▸ **Data supplied**
────────────────────────────────────────

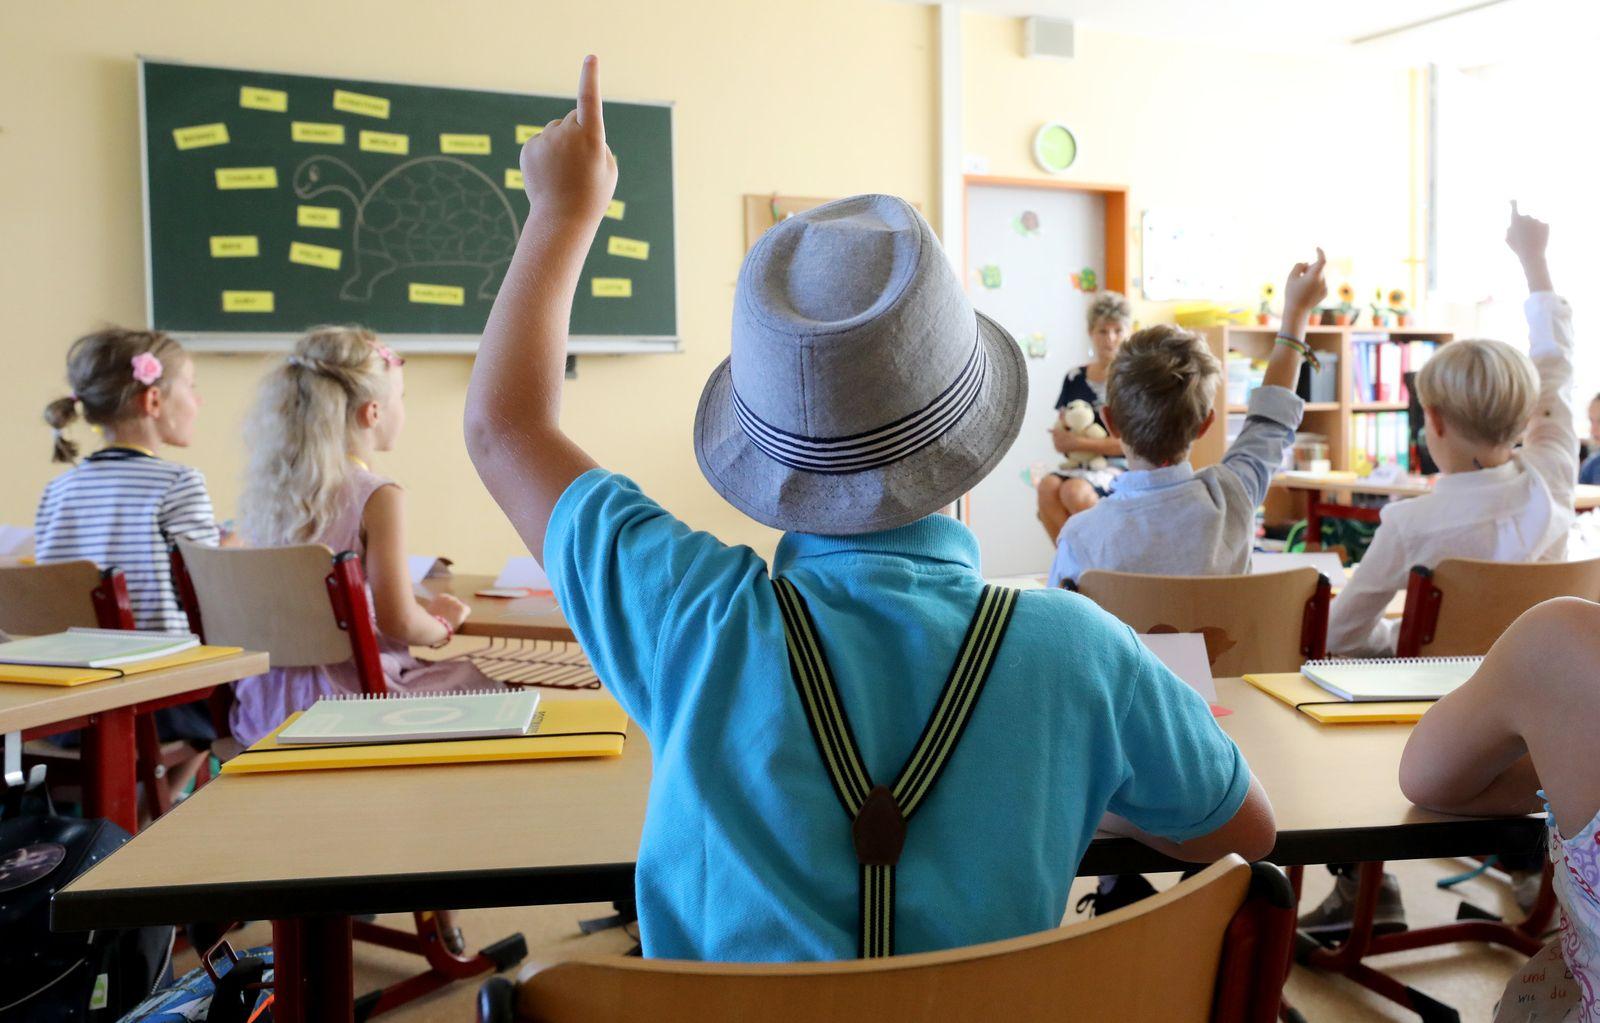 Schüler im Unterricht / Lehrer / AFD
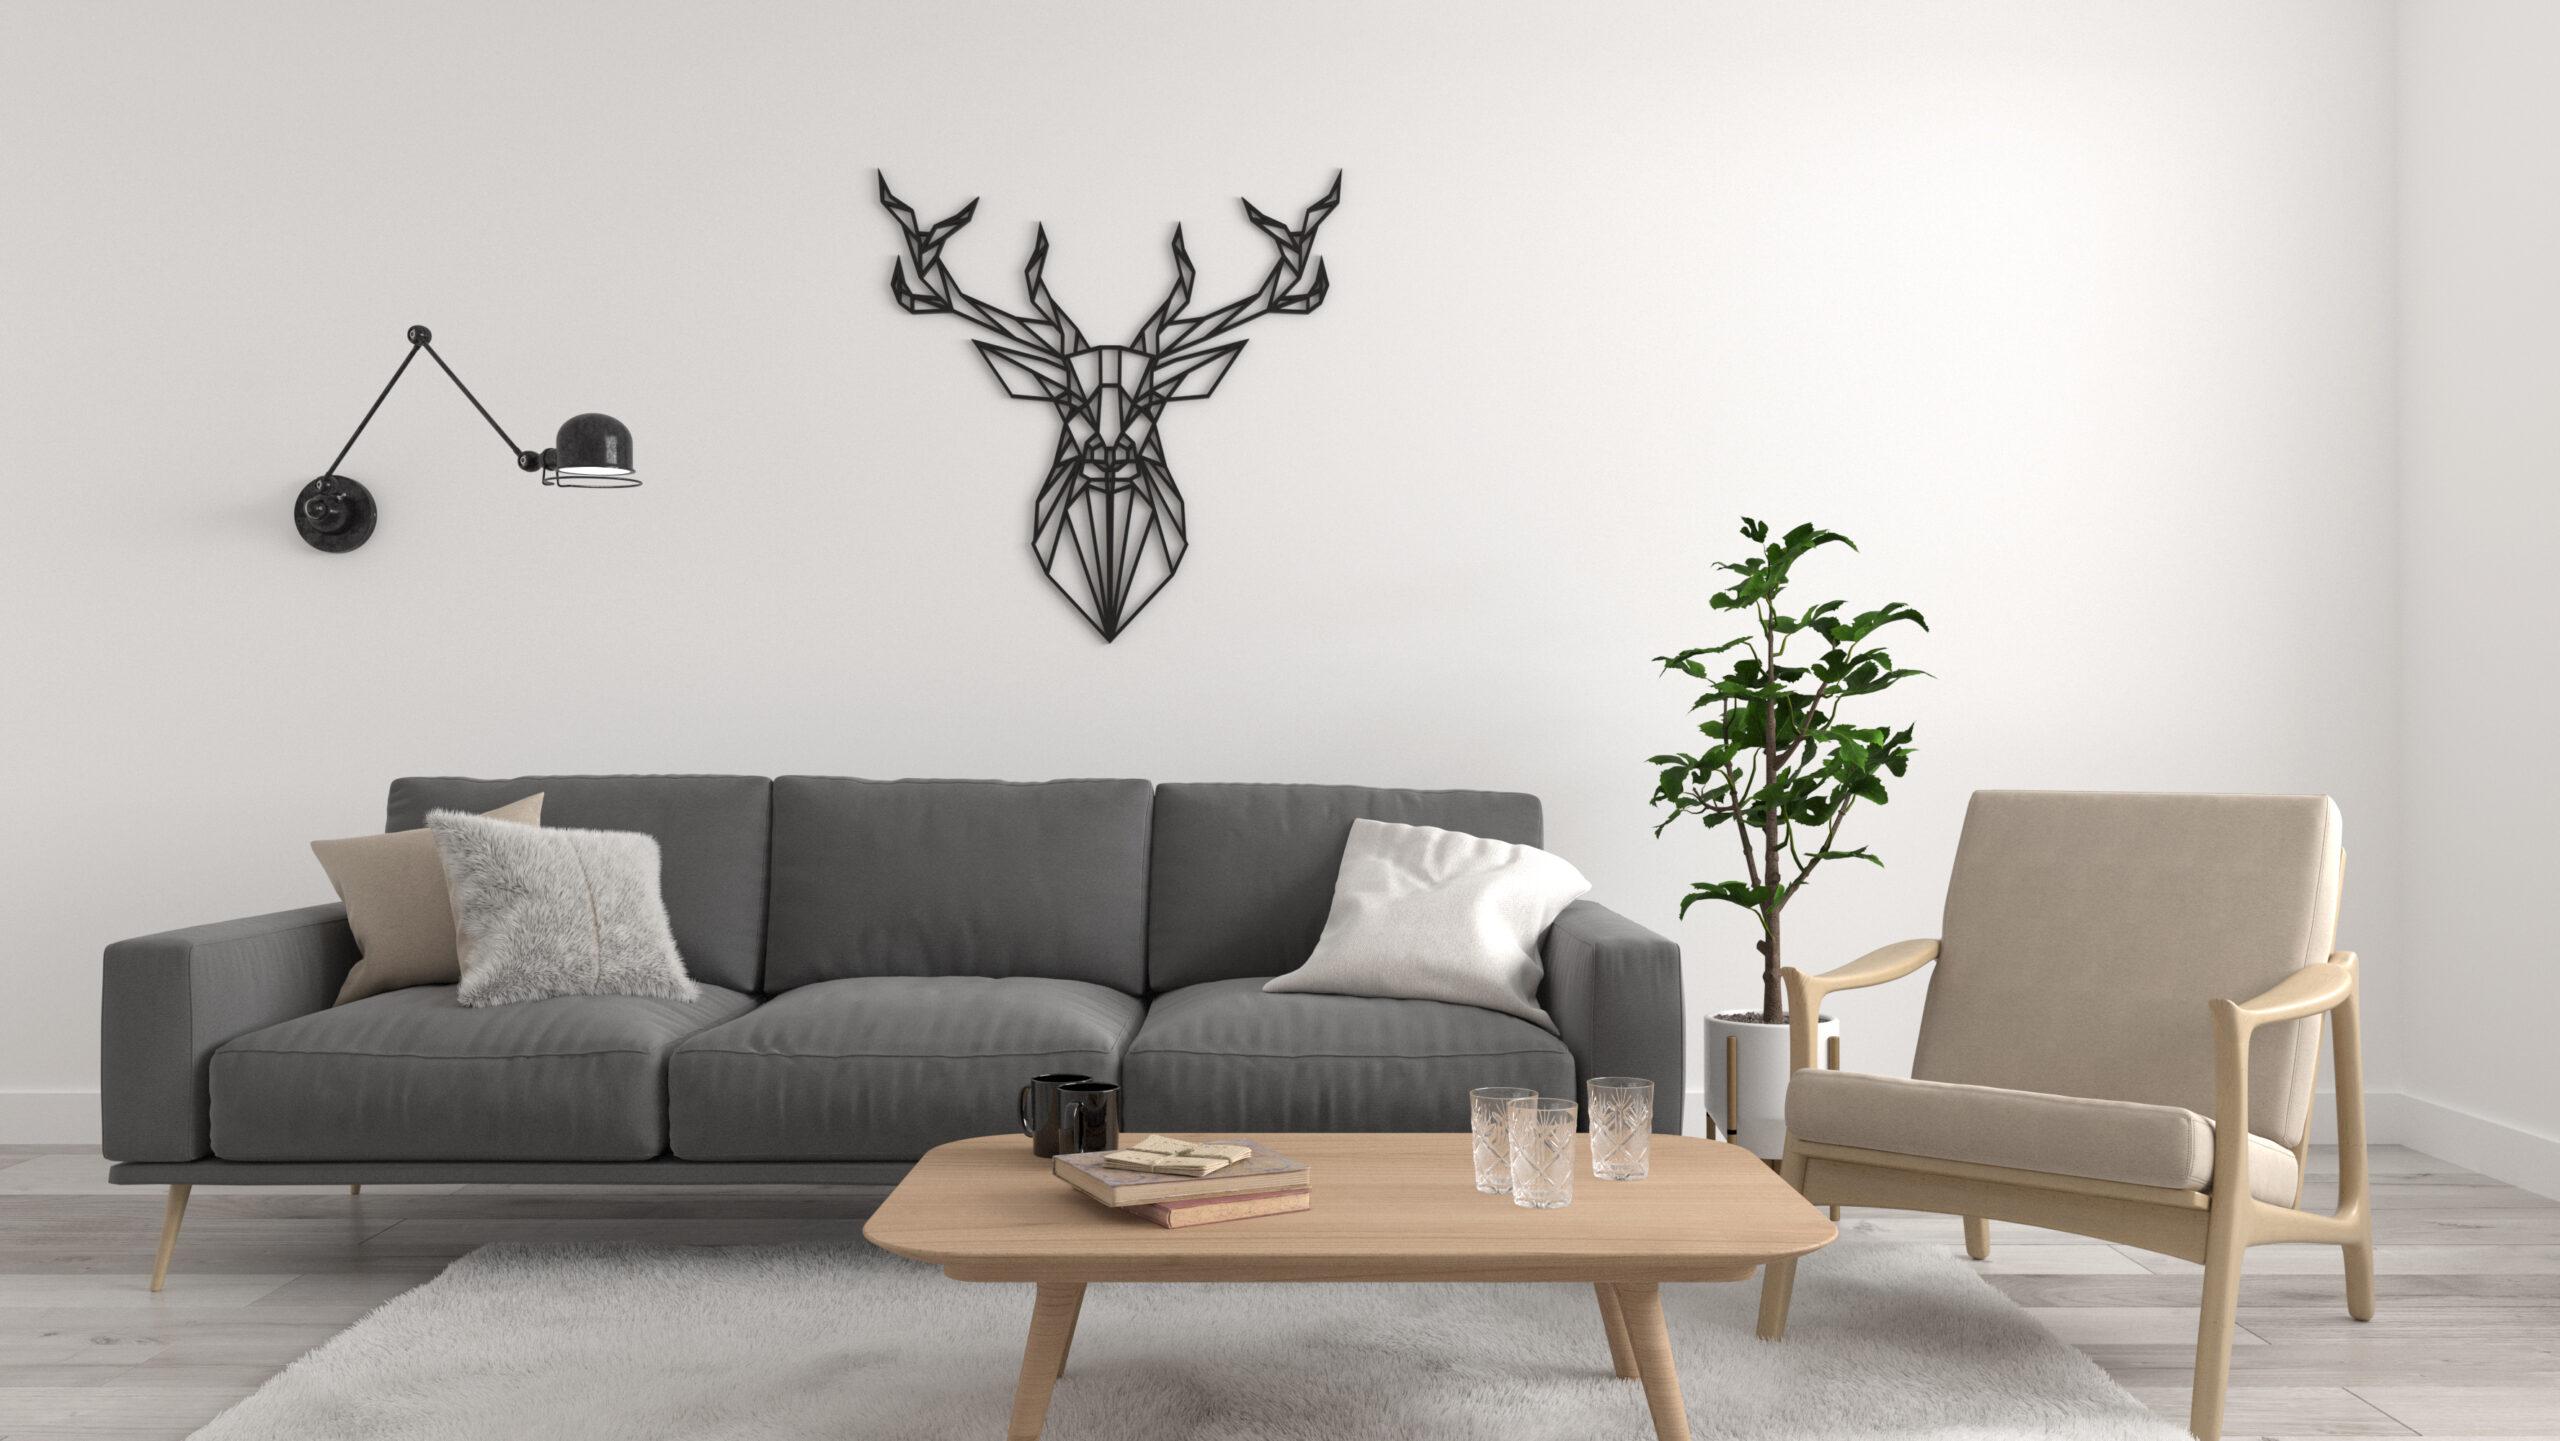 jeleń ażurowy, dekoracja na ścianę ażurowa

────────────────────────────────────────

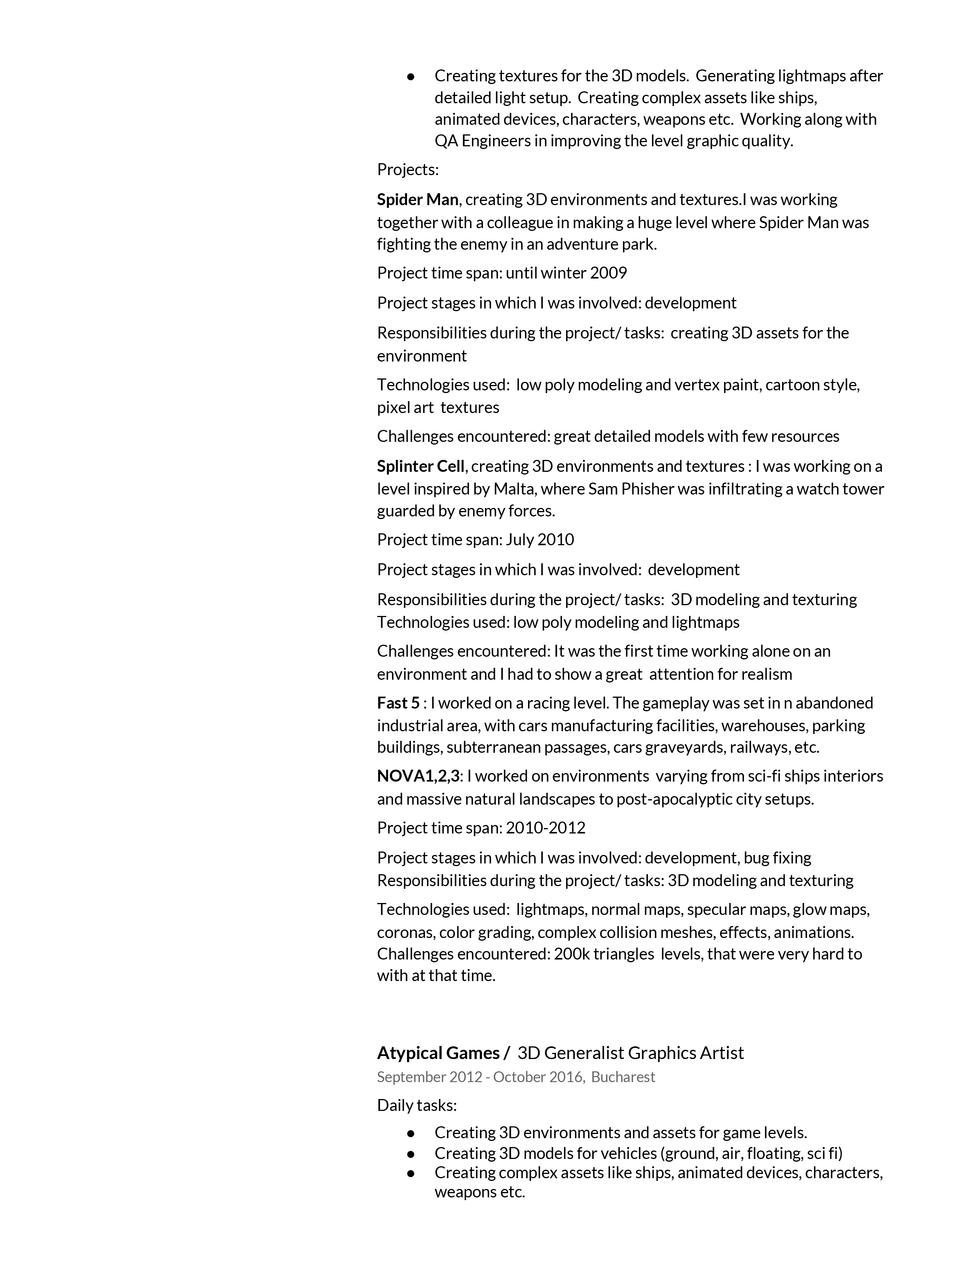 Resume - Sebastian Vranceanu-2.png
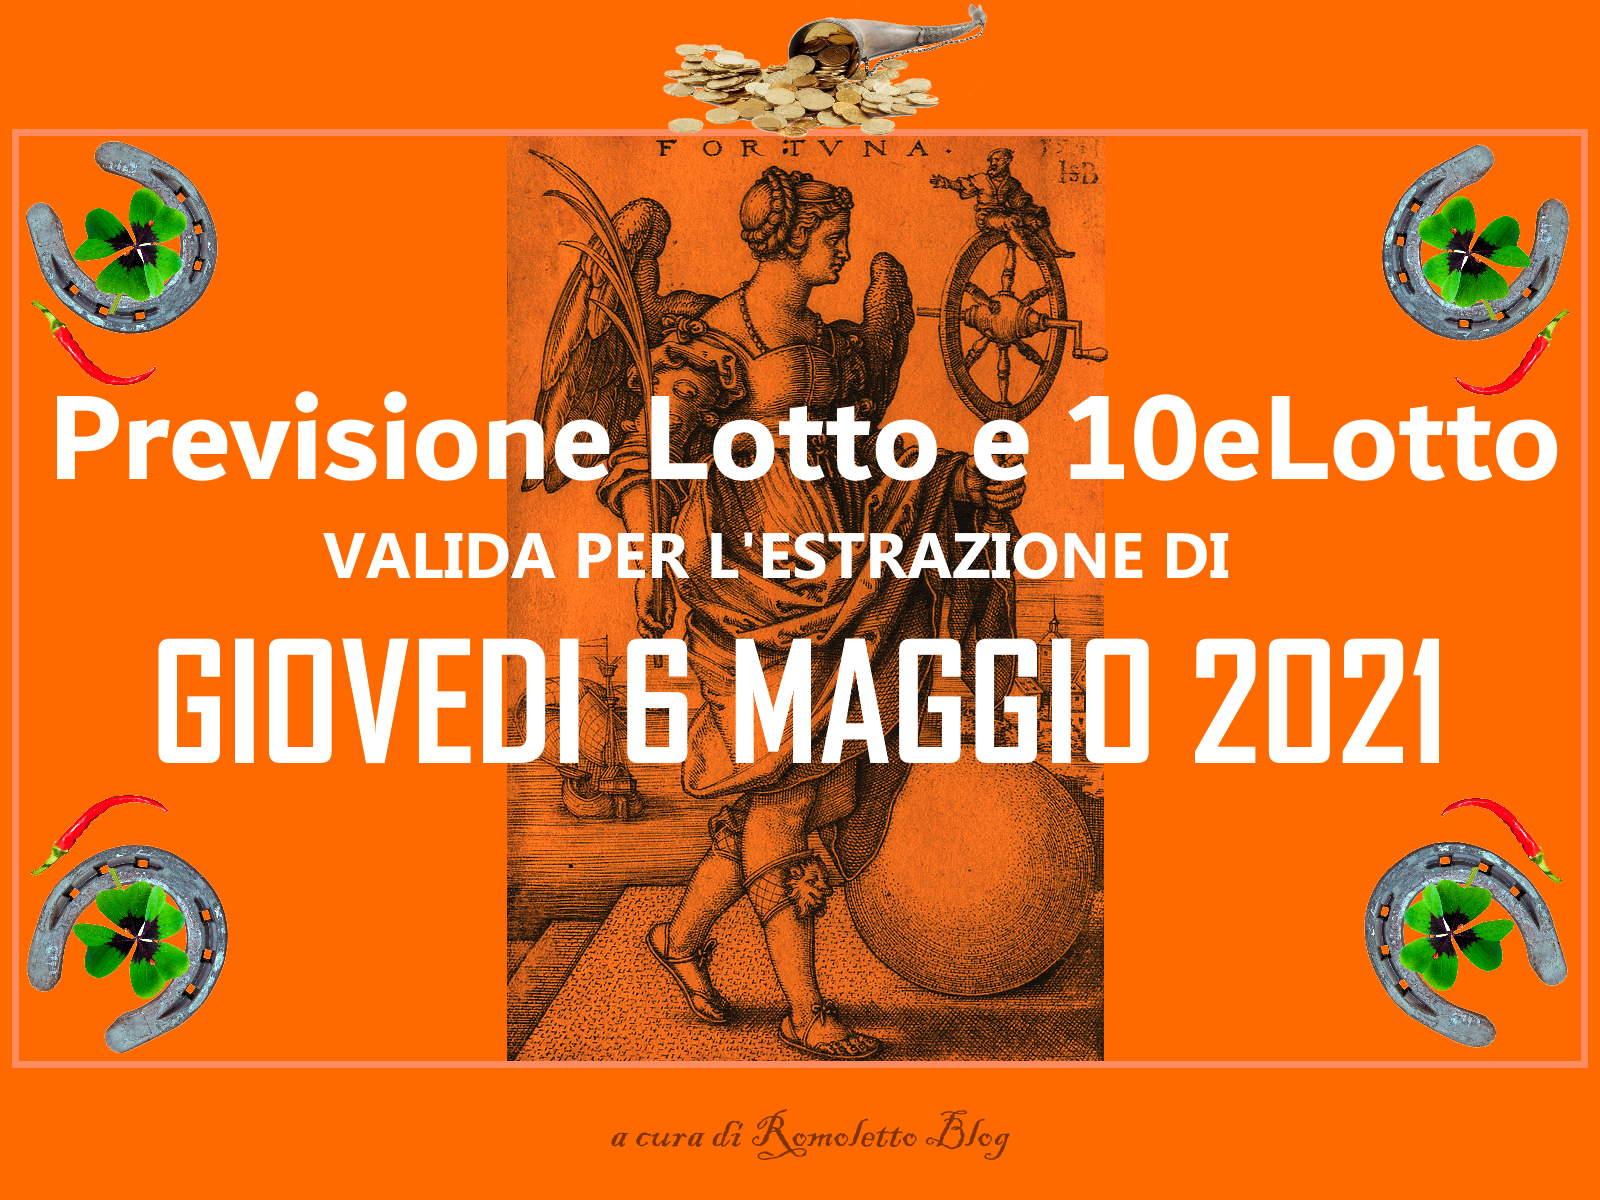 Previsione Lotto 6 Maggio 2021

────────────────────────────────────────

Skip every picture, and restate word for word only the lines above from the line containing "Schüler im Unterricht / Lehrer / AFD" to the line containing "jeleń ażurowy, dekoracja na ścianę ażurowa", both of them included.

 Schüler im Unterricht / Lehrer / AFD
 jeleń ażurowy, dekoracja na ścianę ażurowa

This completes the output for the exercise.